Children's Place Retail Stores, Inc. (NASDAQ:PLCE)

To the average investor, there are plenty of metrics market participants can use to analyze Mr. Market. A couple of the best are hedge fund and insider trading movement. At Insider Monkey, our research analyses have shown that, historically, those who follow the best picks of the elite money managers can trounce their index-focused peers by a superb amount (see just how much).

Equally as key, positive insider trading sentiment is a second way to parse down the financial markets. There are a variety of stimuli for an upper level exec to get rid of shares of his or her company, but just one, very clear reason why they would initiate a purchase. Several academic studies have demonstrated the valuable potential of this tactic if investors understand where to look (learn more here).
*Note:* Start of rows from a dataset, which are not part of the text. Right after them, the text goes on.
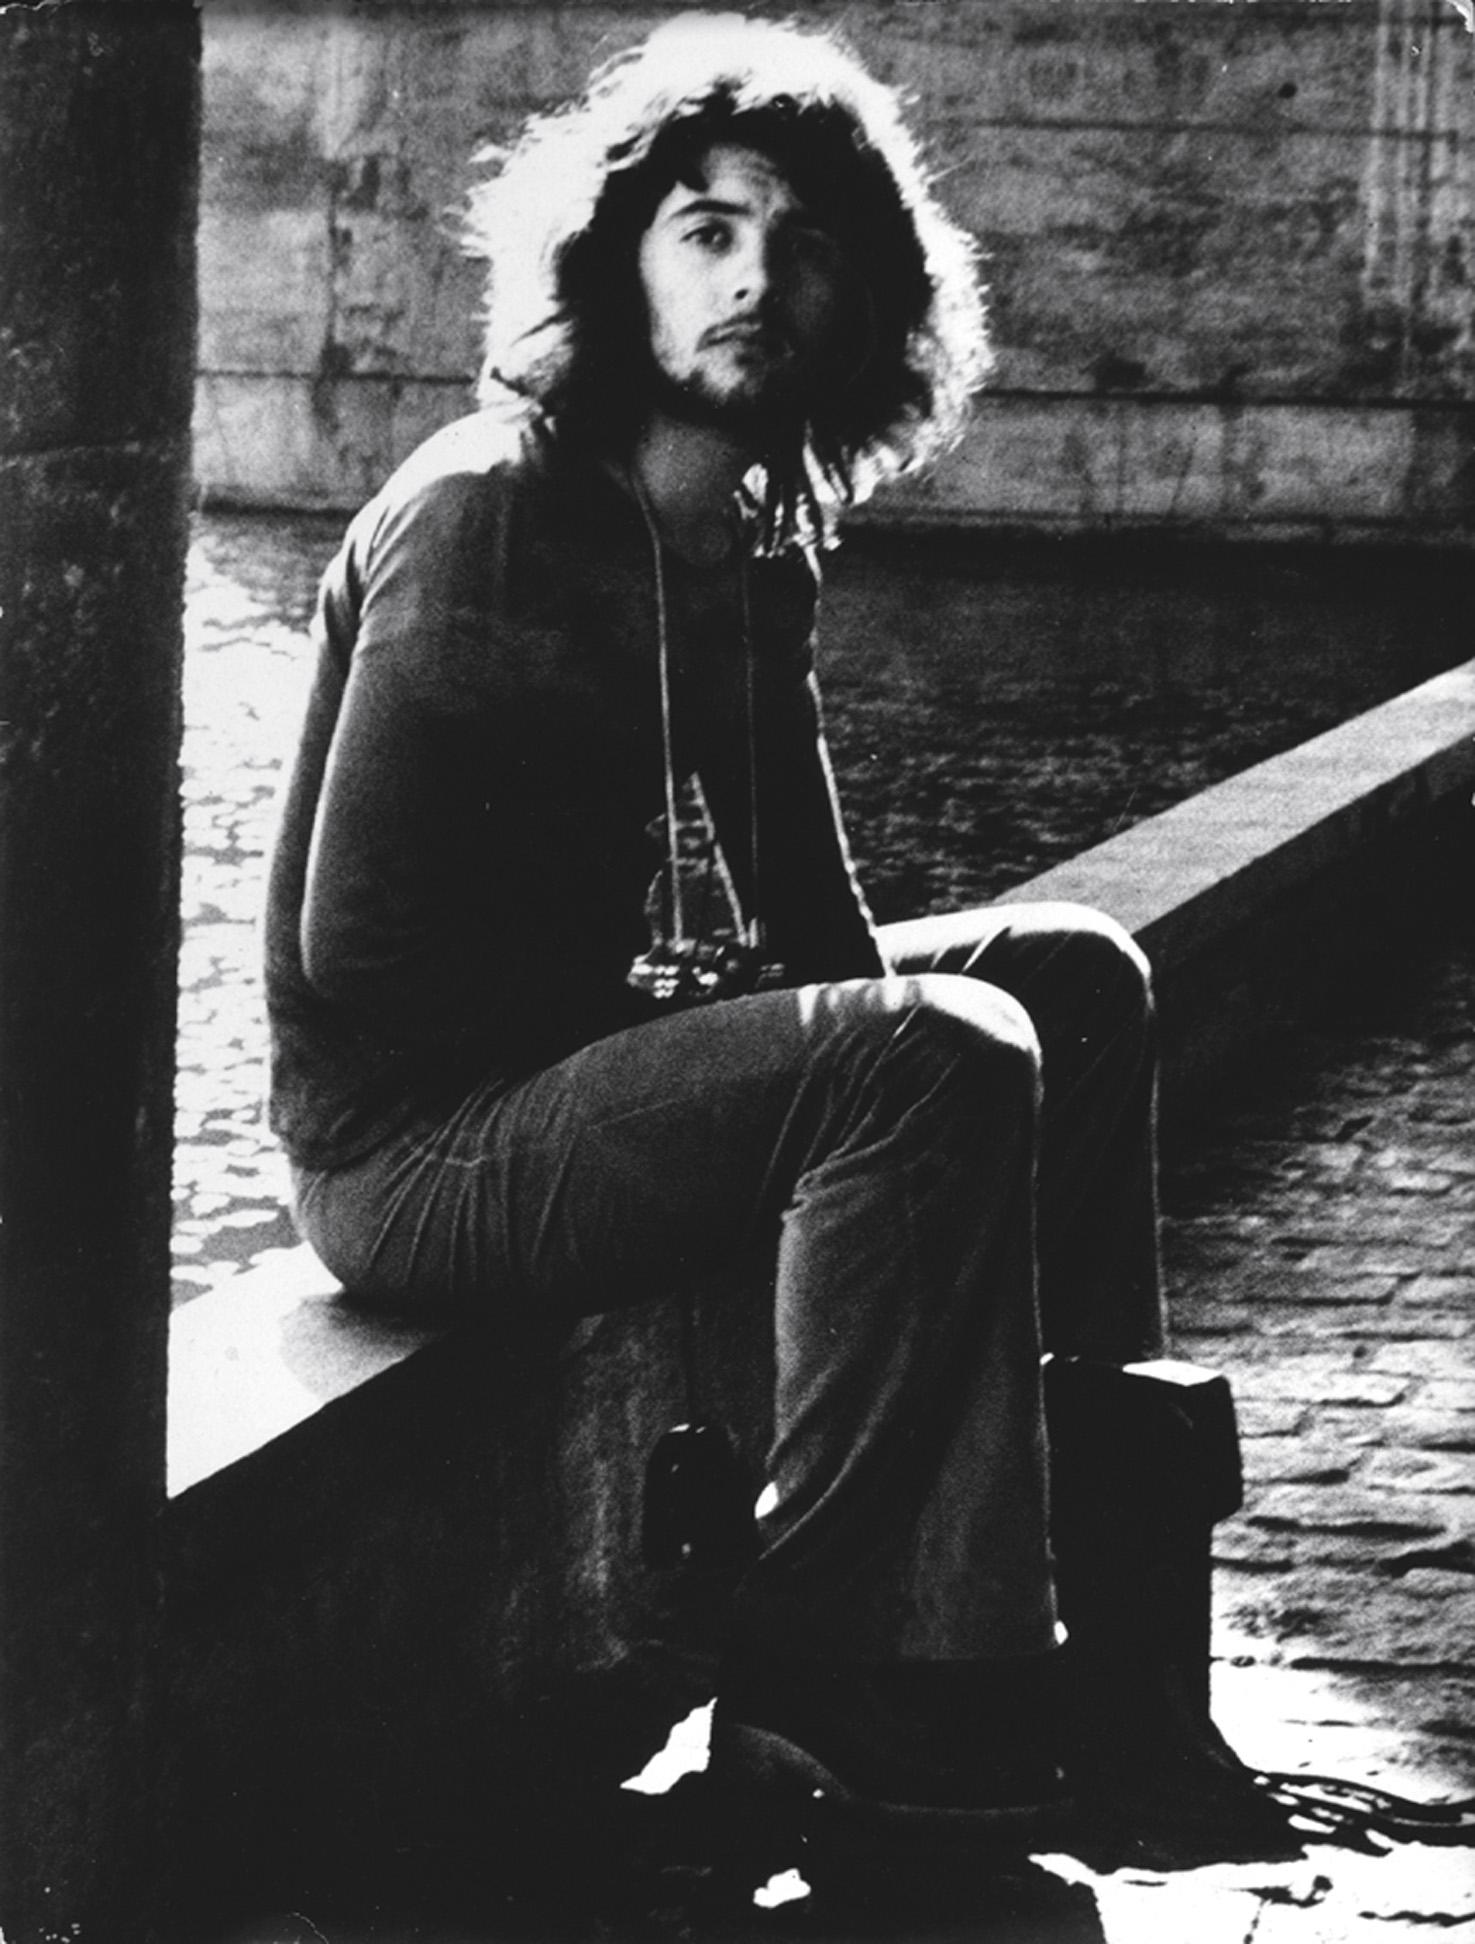 Nos anos 70, recém-chegado em São Paulo, na época em que era assistente do fotógrafo catalão Marcel Giró
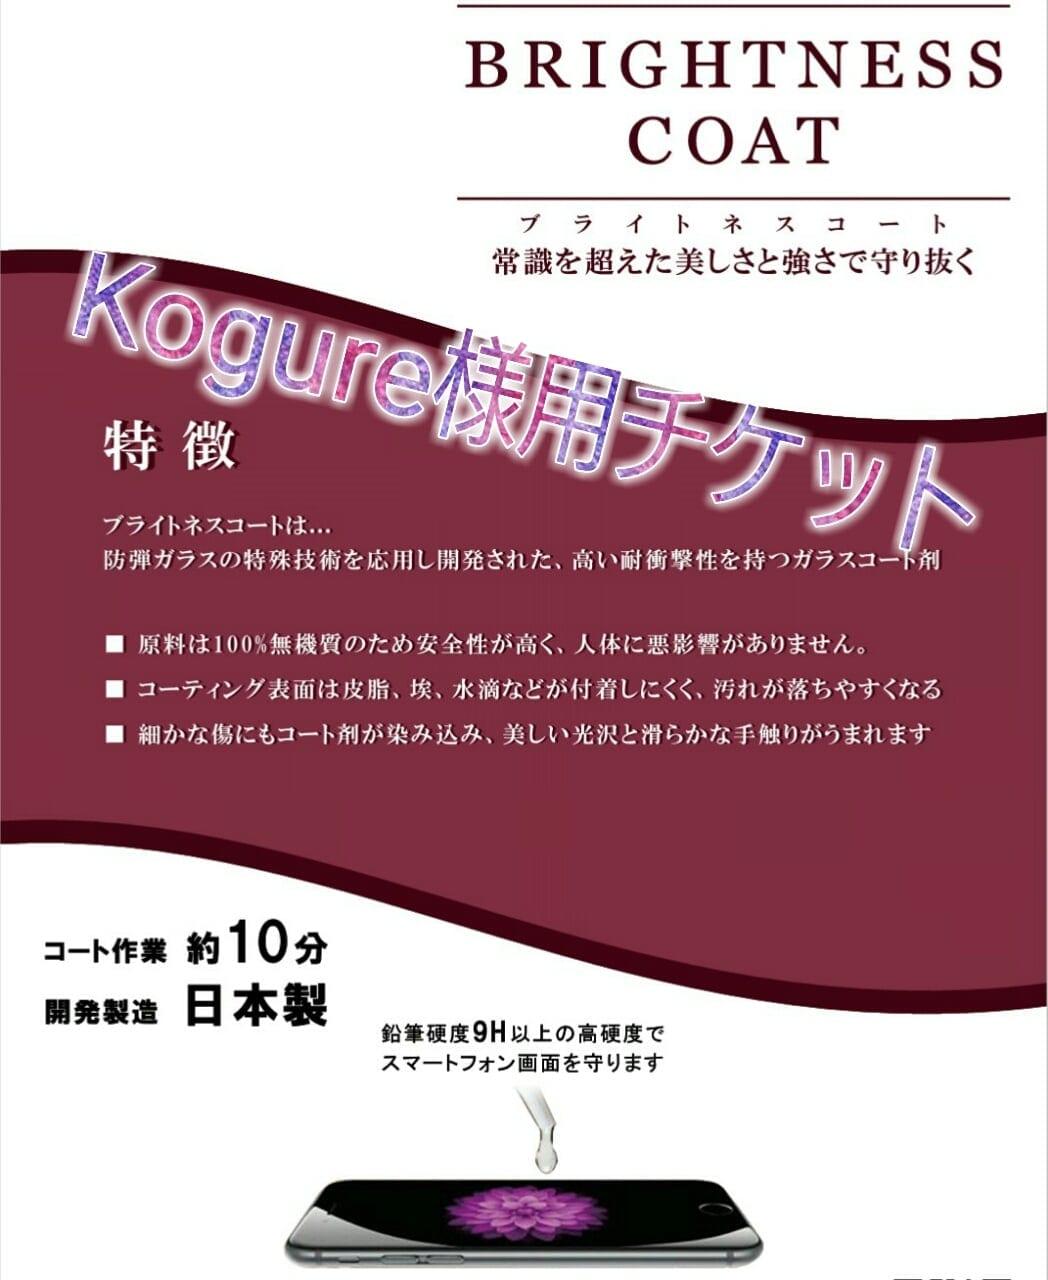 Kogure様専用 ブライトネスコートチケット/東池袋駅近ネイルサロン Sparkle Nail(スパークル ネイル)のイメージその1
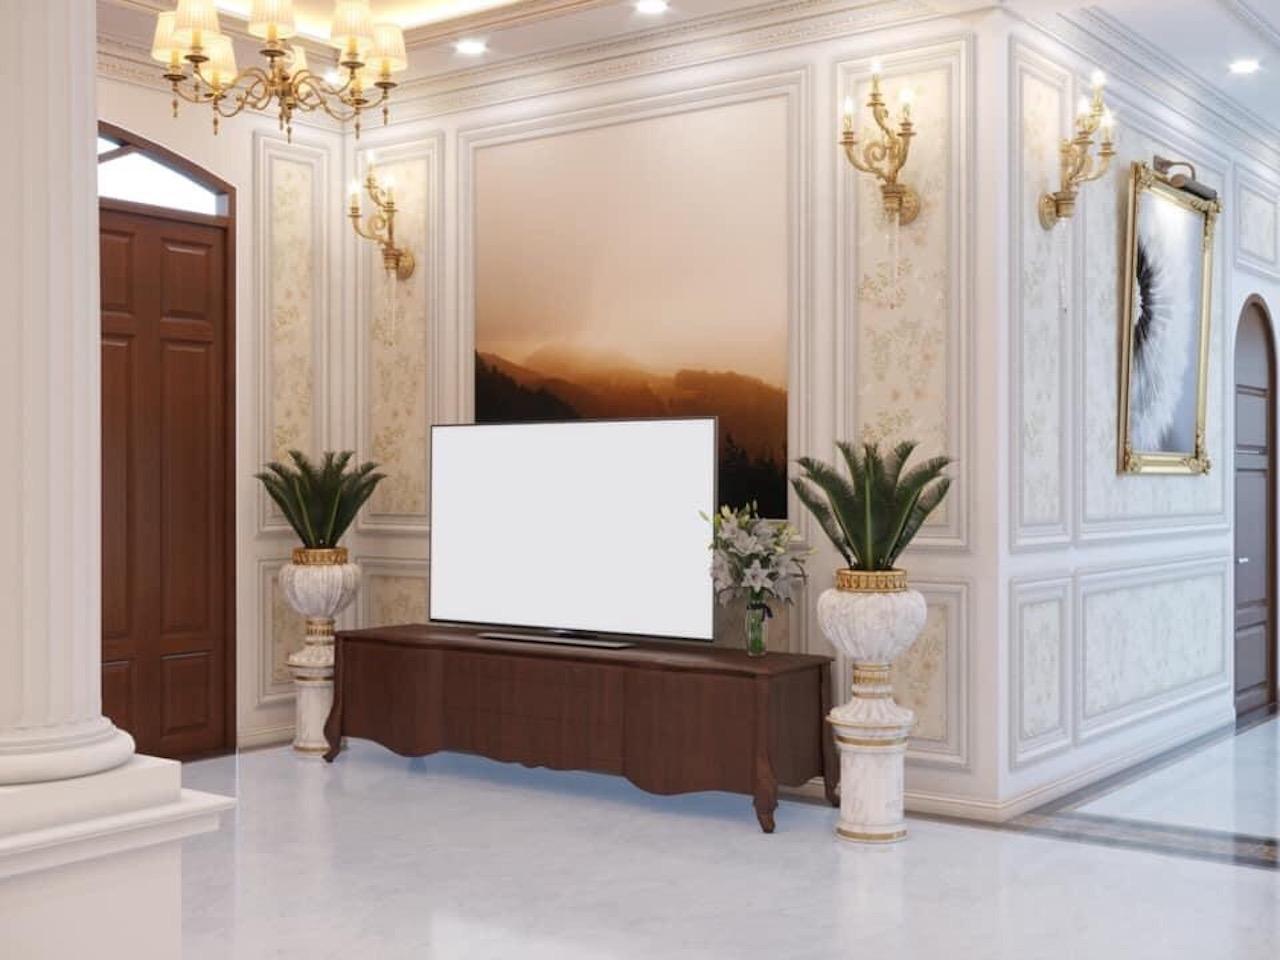 trang trí giấy dán tường phòng khách

Keeping this in mind, we’re going to take a look at the latest action regarding Children’s Place Retail Stores, Inc. (NASDAQ:PLCE).

How are hedge funds trading Children’s Place Retail Stores, Inc. (NASDAQ:PLCE)?

In preparation for this quarter, a total of 19 of the hedge funds we track were long in this stock, a change of -10% from one quarter earlier. With hedge funds’ capital changing hands, there exists an “upper tier” of key hedge fund managers who were boosting their holdings substantially.

Of the funds we track, Royce & Associates, managed by Chuck Royce, holds the most valuable position in Children’s Place Retail Stores, Inc. (NASDAQ:PLCE). Royce & Associates has a $78.8 million position in the stock, comprising 0.2% of its 13F portfolio. Sitting at the No. 2 spot is Phill Gross and Robert Atchinson of Adage Capital Management, with a $74.5 million position; 0.2% of its 13F portfolio is allocated to the company. Remaining hedgies with similar optimism include Jonathan Kolatch’s Redwood Capital Management, Ken Griffin’s Citadel Investment Group and Cliff Asness’s AQR Capital Management.

Since Children’s Place Retail Stores, Inc. (NASDAQ:PLCE) has faced declining sentiment from the aggregate hedge fund industry, it’s safe to say that there is a sect of fund managers who were dropping their entire stakes heading into Q2. It’s worth mentioning that Steven Cohen’s SAC Capital Advisors dropped the biggest position of all the hedgies we track, worth an estimated $9.1 million in call options, and David Keidan of Buckingham Capital Management was right behind this move, as the fund dropped about $8.5 million worth. These transactions are intriguing to say the least, as aggregate hedge fund interest fell by 2 funds heading into Q2.

Insider trading activity in Children’s Place Retail Stores, Inc. (NASDAQ:PLCE)

Insider buying is at its handiest when the company we’re looking at has seen transactions within the past six months. Over the latest six-month time frame, Children’s Place Retail Stores, Inc. (NASDAQ:PLCE) has experienced zero unique insiders purchasing, and 5 insider sales (see the details of insider trades here).

Let’s also examine hedge fund and insider activity in other stocks similar to Children’s Place Retail Stores, Inc. (NASDAQ:PLCE). These stocks are Stage Stores Inc (NYSE:SSI), Ann Inc (NYSE:ANN), Jos. A. Bank Clothiers Inc (NASDAQ:JOSB), The Jones Group Inc. (NYSE:JNY), and Aeropostale, Inc. (NYSE:ARO). This group of stocks are the members of the apparel stores industry and their market caps are closest to PLCE’s market cap.